I found this post in my Drafts folder from 2010. Why didn’t I post it? There are lots more where this came from, drafts from beyond the grave…
An interesting take on prayer and why you don’t seem to get an answer.
God answering prayer violates free will. Theists, whether Christians or otherwise claim that God intervenes in the world but simultaneously state that God can’t make us do good because this violates free will. But doesn’t any intervention by God into human affairs constitute a violation of free will? Why in one case can God affect and/or control human behavior without violating free will but in another case God’s action does? Is there a limit to how much God can intervene in human affairs before it becomes a violation of free will? Five percent of the time? How about ten? To me it seems a clear double standard that is in need of an explanation.

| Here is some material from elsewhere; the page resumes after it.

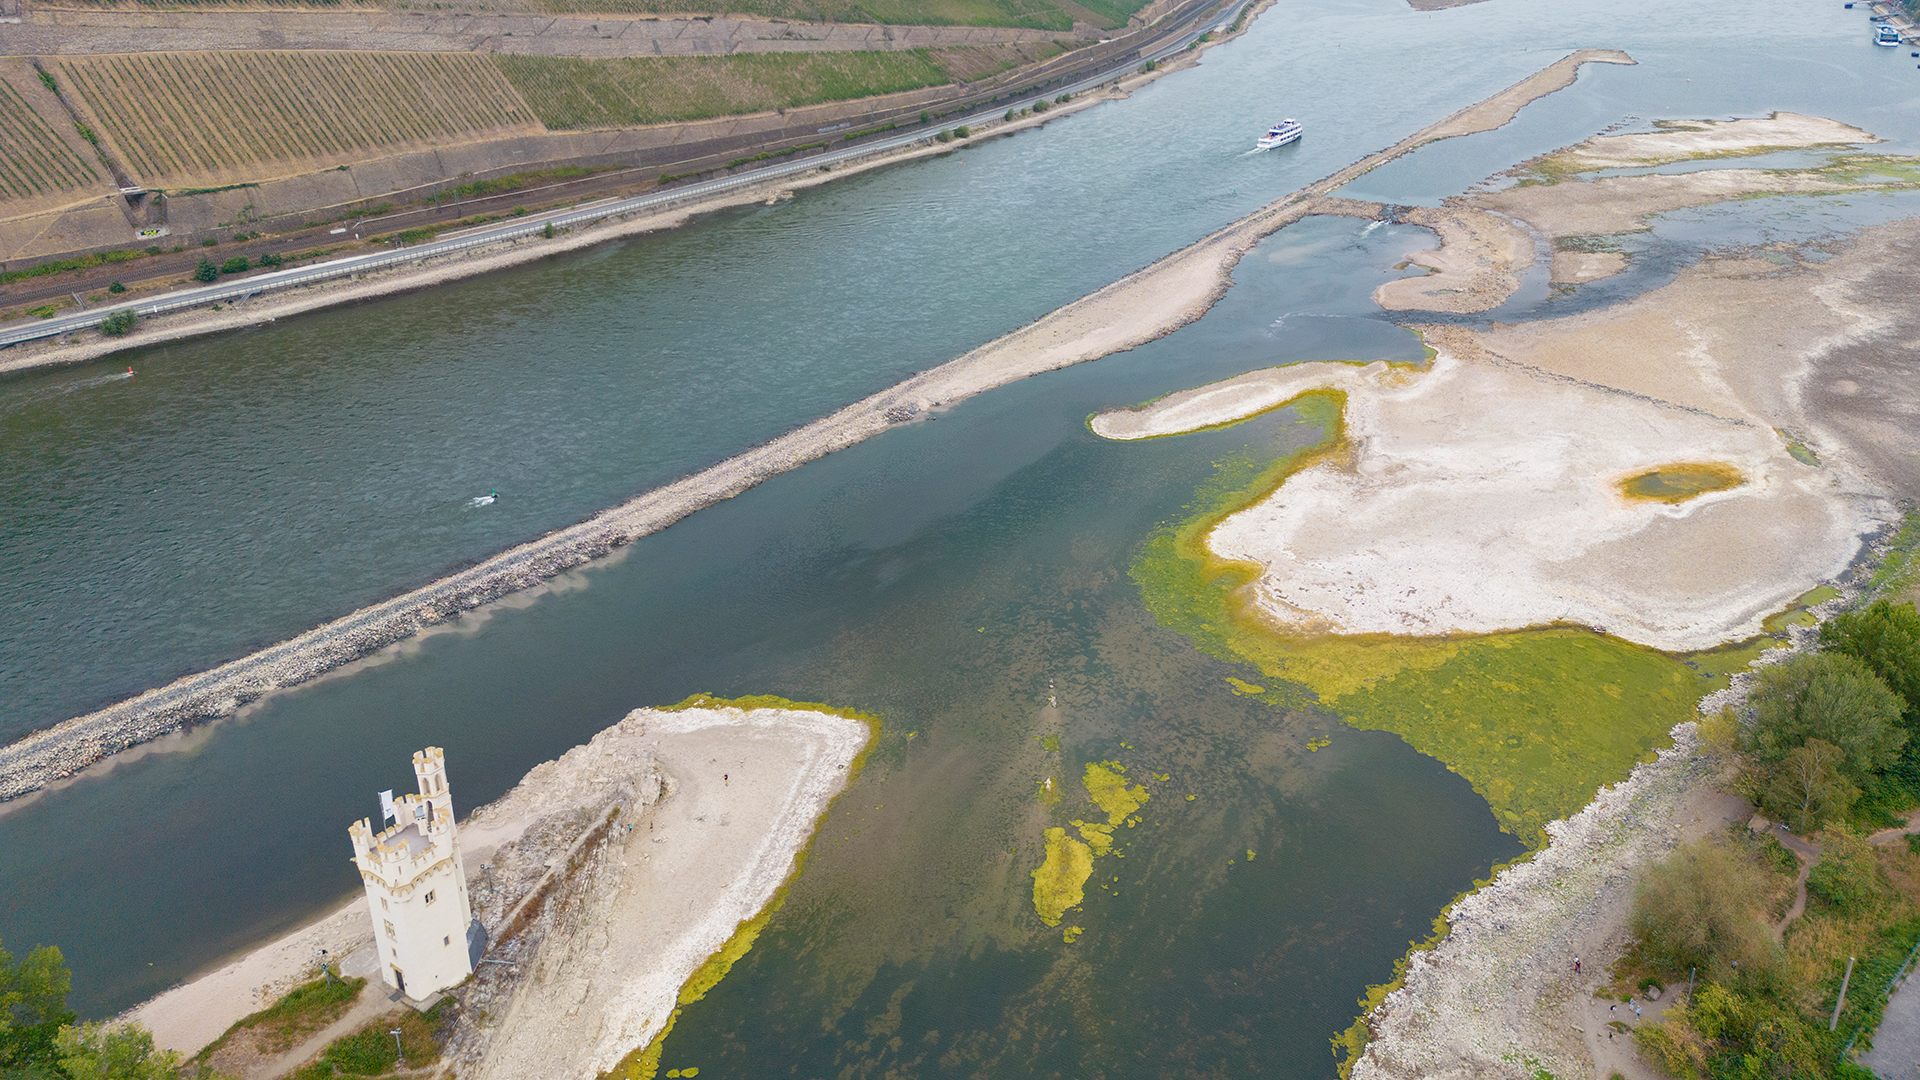 Luftbild vom Rhein bei Bingen mit wenig Wasser. | dpa

If one abandons the notion that God can intervene in the world to answer prayer God all of a sudden looks much different. Gone is the notion that the Holocaust could have been prevented and was part of God’s divine and “awesome” plan. Gone is the immense power for God to take sides in war as illustrated in the Hebrew Bible. Gone is a God that plays favorites. No longer can God be omnipotent as previously understood because God lacks the power to act in the world. For many who begin to interpret the divine in this non-theistic new light, God then becomes synonymous with love, creative energy and relatedness. Just because the theology of yesterday is insufficient for our modern standards doesn’t mean we need to abandon God, religion or appreciation for the divine.